La zona più brillante del pianeta nano Cerere, situata all'interno del cratere Occator, presenta la più elevata concentrazione di carbonati mai registrata in ambienti al di fuori di quello terrestre. La tipologia e l'abbondanza di questi minerali suggerisce che ci sia stata acqua liquida al di sotto della superficie di Cerere in epoche geologiche recenti. La scoperta è il risultato dello studio coordinato da Maria Cristina De Sanctis (ricercatrice INAF) sui dati dello spettrometro VIR, a bordo della missione Dawn (Nasa).
«È la prima volta che vediamo tali quantità di questo materiale in altre zone del Sistema solare», afferma Maria Cristina De Sanctis. Occator, un cratere giovane dal punto di vista geologico, si è formato circa 80 milioni di anni fa: largo 92 chilometri, il cratere mostra proprio nella zona centrale (una depressione di circa 10 chilometri di diametro) un largo picco ricoperto di materiale altamente riflettente, con fratture concentriche e radiali sopra e attorno.
Il team di De Sanctis ha scoperto che il più abbondante minerale presente in questa zona è il carbonato di sodio, un sale che sulla Terra è tipico degli ambienti idrotermali: l'ipotesi è che questo materiale, che non può essere stato depositato dall'impatto di un asteroide, sia fuoriuscito dall'interno di Cerere. La risalita dei carbonati suggerisce che le temperature all'interno di Cerere siano più elevate di quanto si ritenesse: potrebbe, verosimilmente, essere stato l'impatto con l'asteroide che ha formato il cratere Occator a favorire l'esposizione in superficie del carbonato osservato oggi, ma i ricercatori pensano che un ruolo in questa emersione lo abbiano avuto anche processi interni a Cerere stesso.
I risultati dell'indagine fanno ipotizzare che sotto la superficie di Cerere può essere stata presente acqua allo stato liquido in epoche geologiche recenti: i sali potrebbero essere ciò che resta di un antico oceano, o di accumuli d'acqua risaliti in superficie e poi solidificati milioni di anni fa.
«I minerali che abbiamo individuato nella zona centrale brillante del cratere Occator devono necessariamente essere stati formati dall'interazione con l'acqua», spiega De Sanctis: «la presenza di carbonati rafforza l'idea che Cerere abbia avuto attività idrotermale interna, che ha spinto il materiale fino in superficie, all'interno di Occator.»

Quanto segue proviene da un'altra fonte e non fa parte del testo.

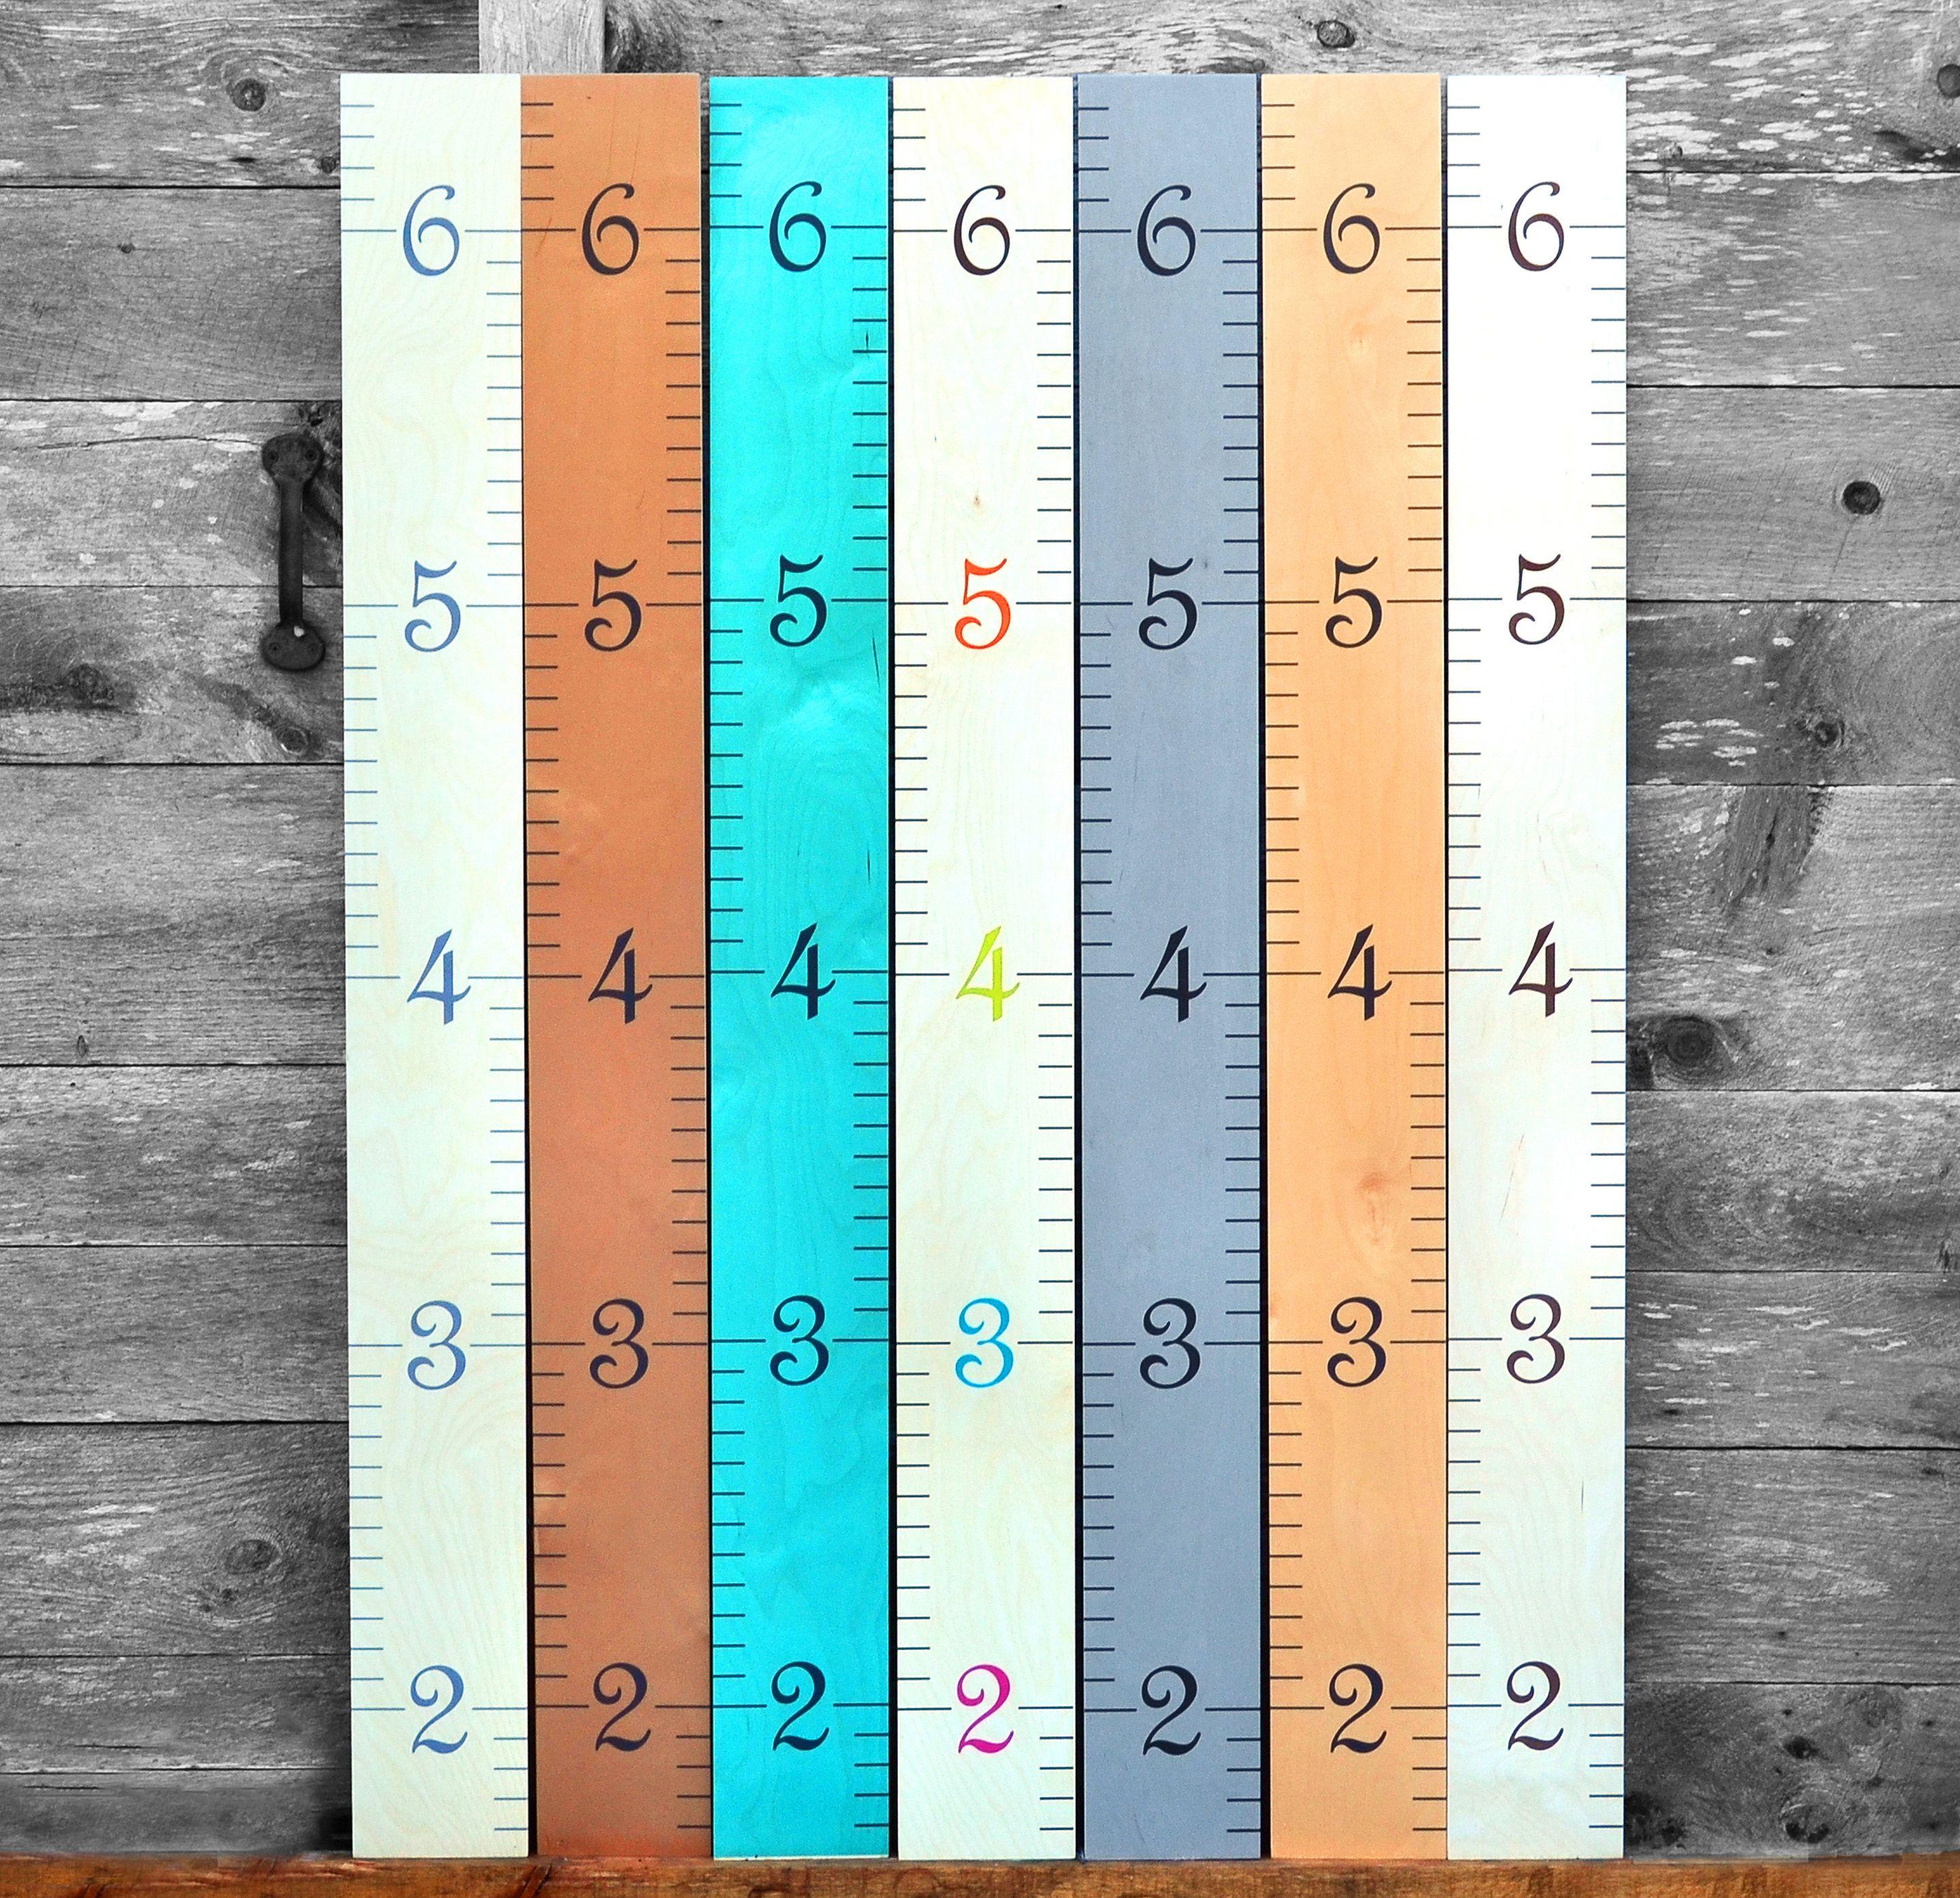 Wooden ruler growth chart kids wood height chart personalized wooden ruler growth chart kids wood height chart personalized child wall hanging ruler nvjuhfo Choice Image

Lo scorso anno il team guidato da De Sanctis ha scoperto che sulla superficie di Cerere vi sono argille contenenti ammoniaca. Poiché l'ammoniaca è una sostanza abbondante nel Sistema Solare esterno, questo risultato ha suggerito l'idea che Cerere potrebbe essersi formato in prossimità dell'orbita di Nettuno e successivamente migrato verso le zone interne del nostro sistema planetario.
Un altro scenario propone che il corpo celeste si sia formato nella zona in cui si trova oggi, ma con materiale proveniente dal Sistema Solare esterno.
Le nuove indagini condotte all'interno del cratere Occator indicano la presenza in quelle regioni anche di sali di ammoniaca (cloruro di ammonio e bicarbonato di ammonio), composti che rafforzano l'idea del legame tra Cerere e i mondi ghiacciati ai confini del Sistema Solare. L'ammoniaca, insieme a carbonato e bicarbonato di sodio, è stata infatti rilevata anche nei pennacchi che si elevano da Encelado, luna ghiacciata di Saturno nota per i suoi geyser che eruttano da fratture nella sua superficie.
«Il prossimo passo sarà studiare anche le altre macchie chiare presenti sulla superficie di Cerere, per capire se anch'esse contengono carbonati», conclude De Sanctis.
Note. Nel team che ha condotto lo studio, pubblicato sul sito web della rivista Nature (Bright carbonate deposits as evidence of aqueous alteration on Ceres) hanno partecipato, oltre a Maria Cristina De Sanctis, anche i ricercatori Inaf Andrea Raponi, Eleonora Ammannito (University of California Los Angels e associata Inaf), Mauro Ciarniello, Filippo Giacomo Carrozzo, Federico Tosi, Francesca Zambon, Fabrizio Capaccioni, Maria Teresa Capria, Sergio Fonte, Michelangelo Formisano, Alessandro Frigeri, Marco Giardino, Andrea Longobardo, Gianfranco Magni, Ernesto Palomba, Simone Marchi (Southwest Research Institute e associato Inaf) e Raffaele Mugnuolo (Agenzia spaziale italiana).